Testing the Data With Modern Algorithms

To show how iSLEEPS can be used, the researchers trained several modern deep learning models to automatically assign sleep stages from single channels of brain or eye‑movement signals. They compared a convolutional network, a long short‑term memory network, and a transformer‑based model, each designed to learn patterns in time‑series data. The algorithms were trained and tested carefully so that data from any one patient never appeared in more than one set, and performance was checked using repeated cross‑validation. Among these methods, the long short‑term memory model performed best, correctly labeling sleep stages about three‑quarters of the time. However, the results were noticeably weaker than similar models achieve in healthy volunteers, underscoring that stroke alters sleep in ways that current automated systems do not yet fully capture.
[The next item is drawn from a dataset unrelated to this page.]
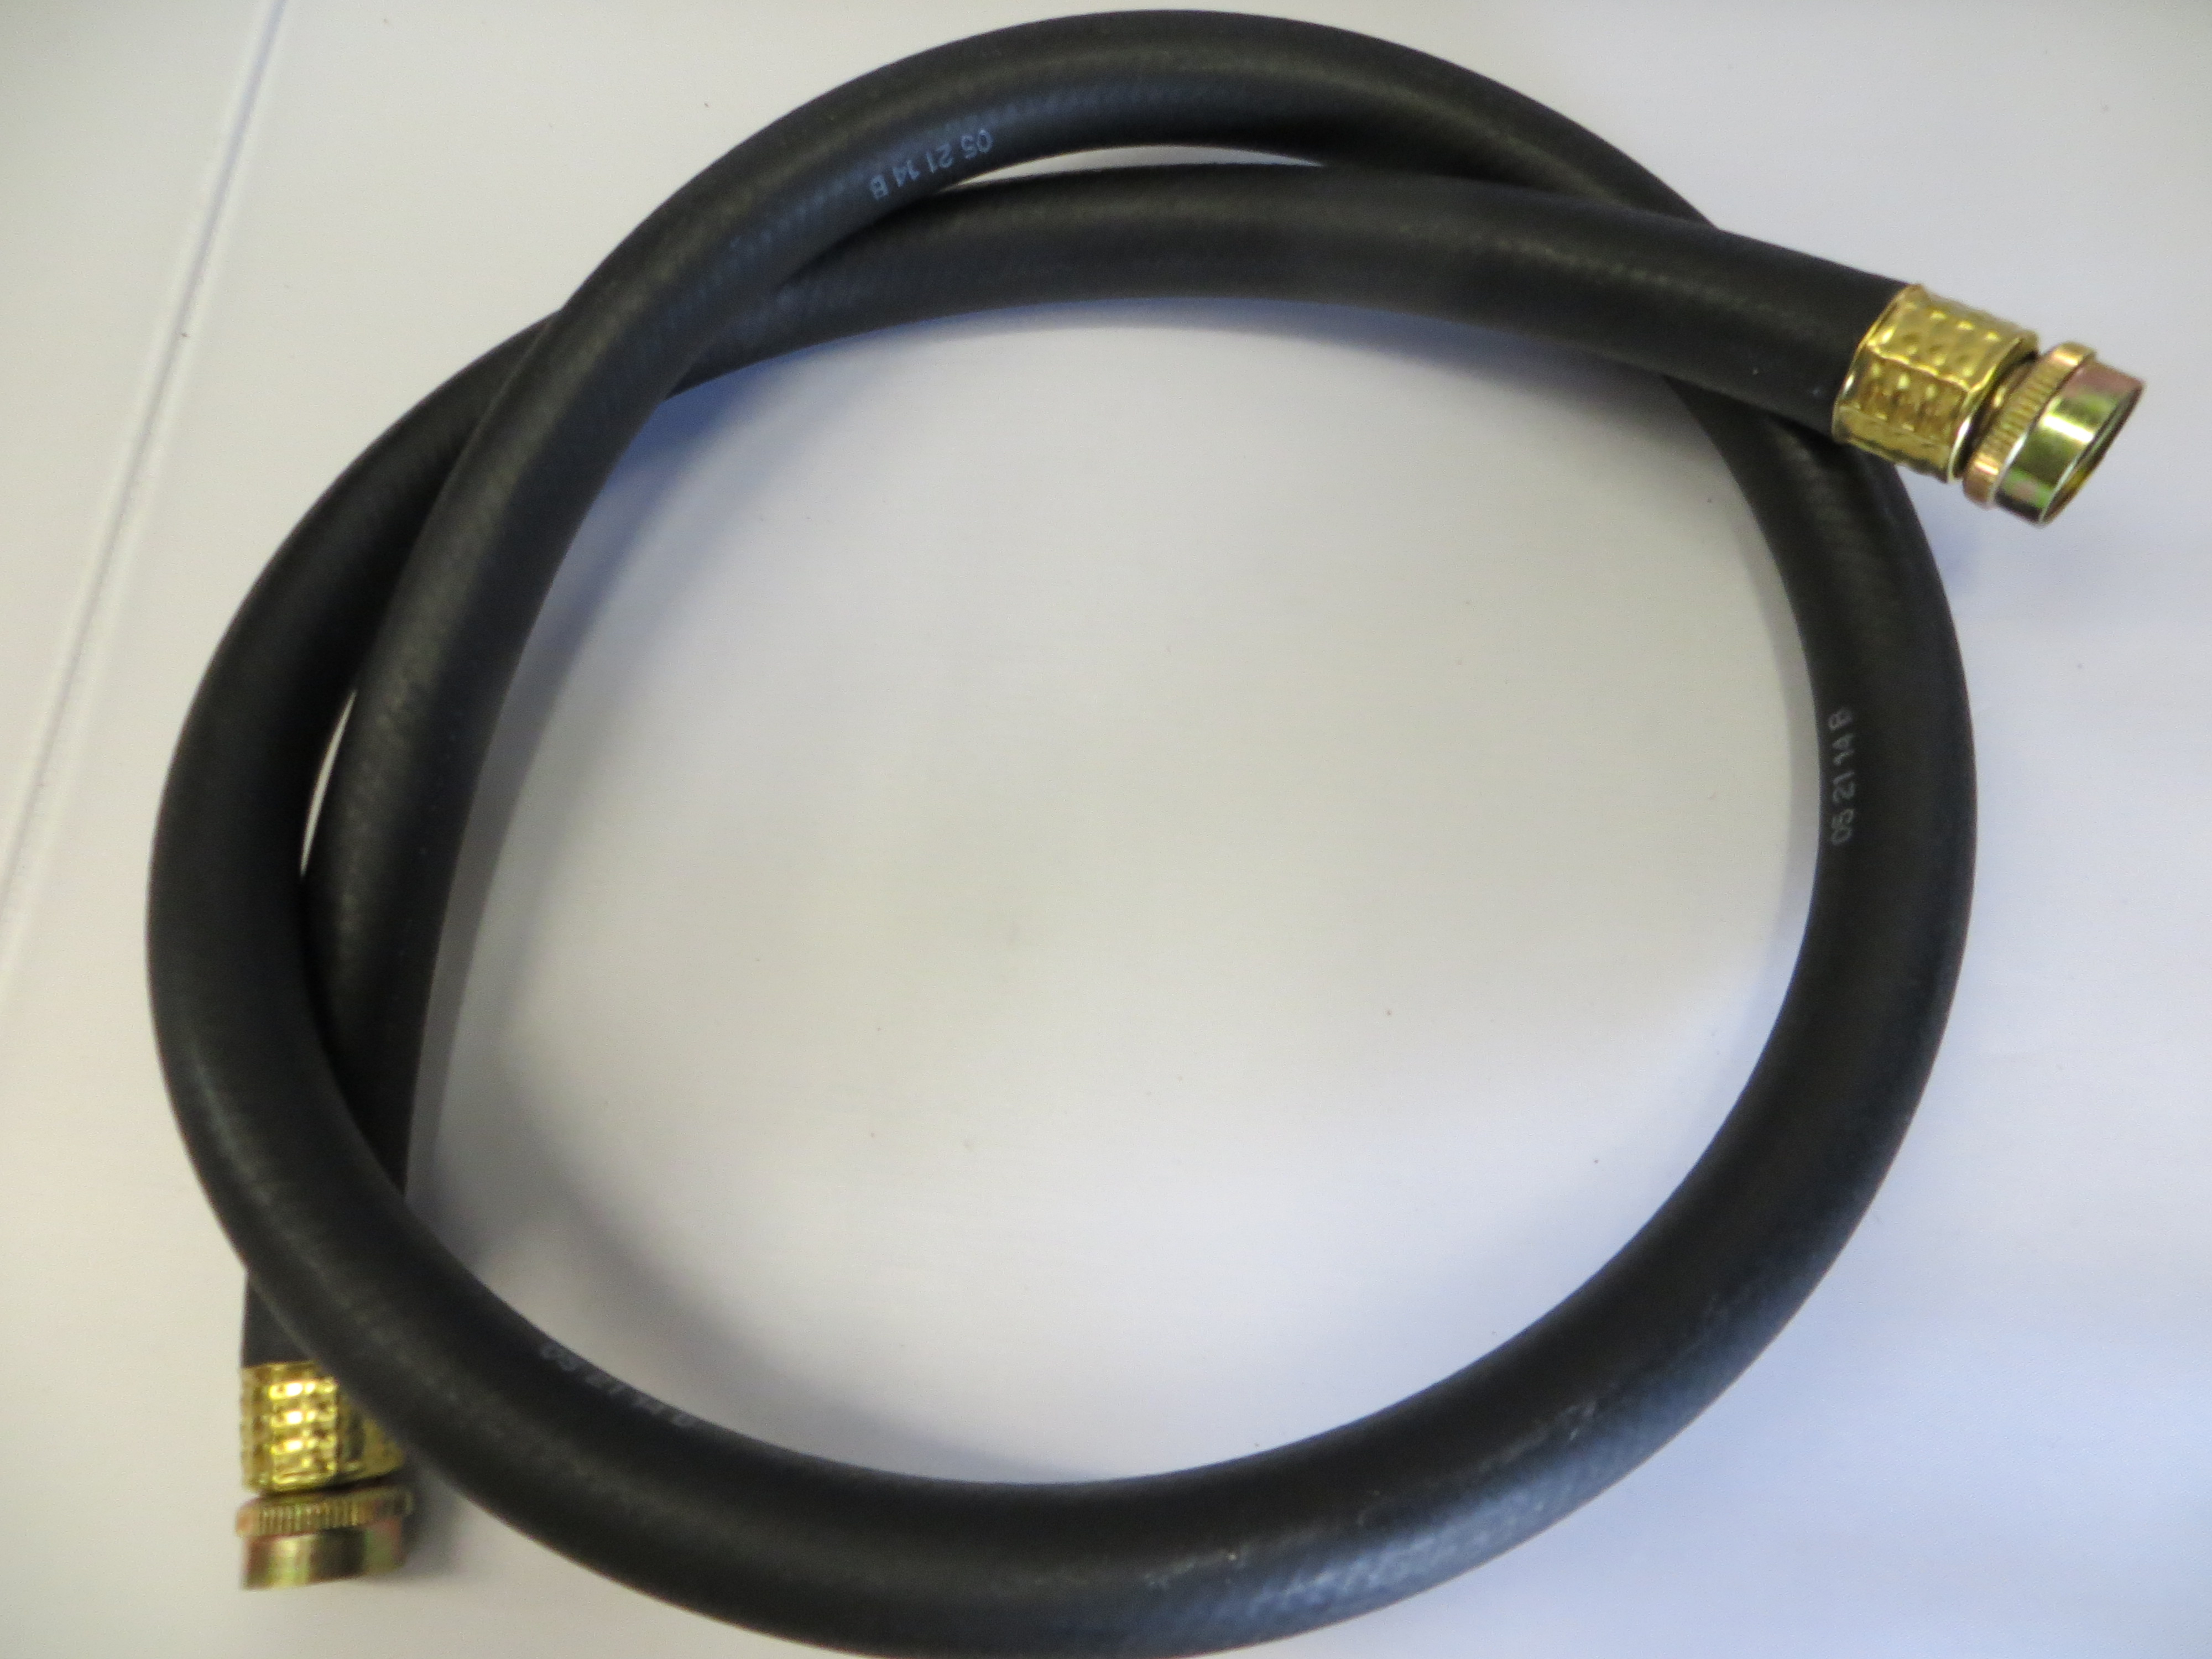 NEW Washer HOSE WTR 3/4X60 FXF CPLG NPT for IPSO F200164

Opening the Door to Better Care

By releasing iSLEEPS as an open, well‑documented dataset—complete with anonymized recordings, detailed event markings, and basic clinical information—the authors provide a powerful new resource for scientists, clinicians, and engineers. Researchers can use it to probe how disturbed sleep and breathing shape stroke recovery, to compare patients across countries, and to build and test new algorithms that might one day screen for dangerous breathing problems automatically, even outside specialized sleep labs. For patients and families, the ultimate promise of this work is clearer diagnosis and more timely treatment of sleep problems after stroke, potentially improving both recovery and quality of life.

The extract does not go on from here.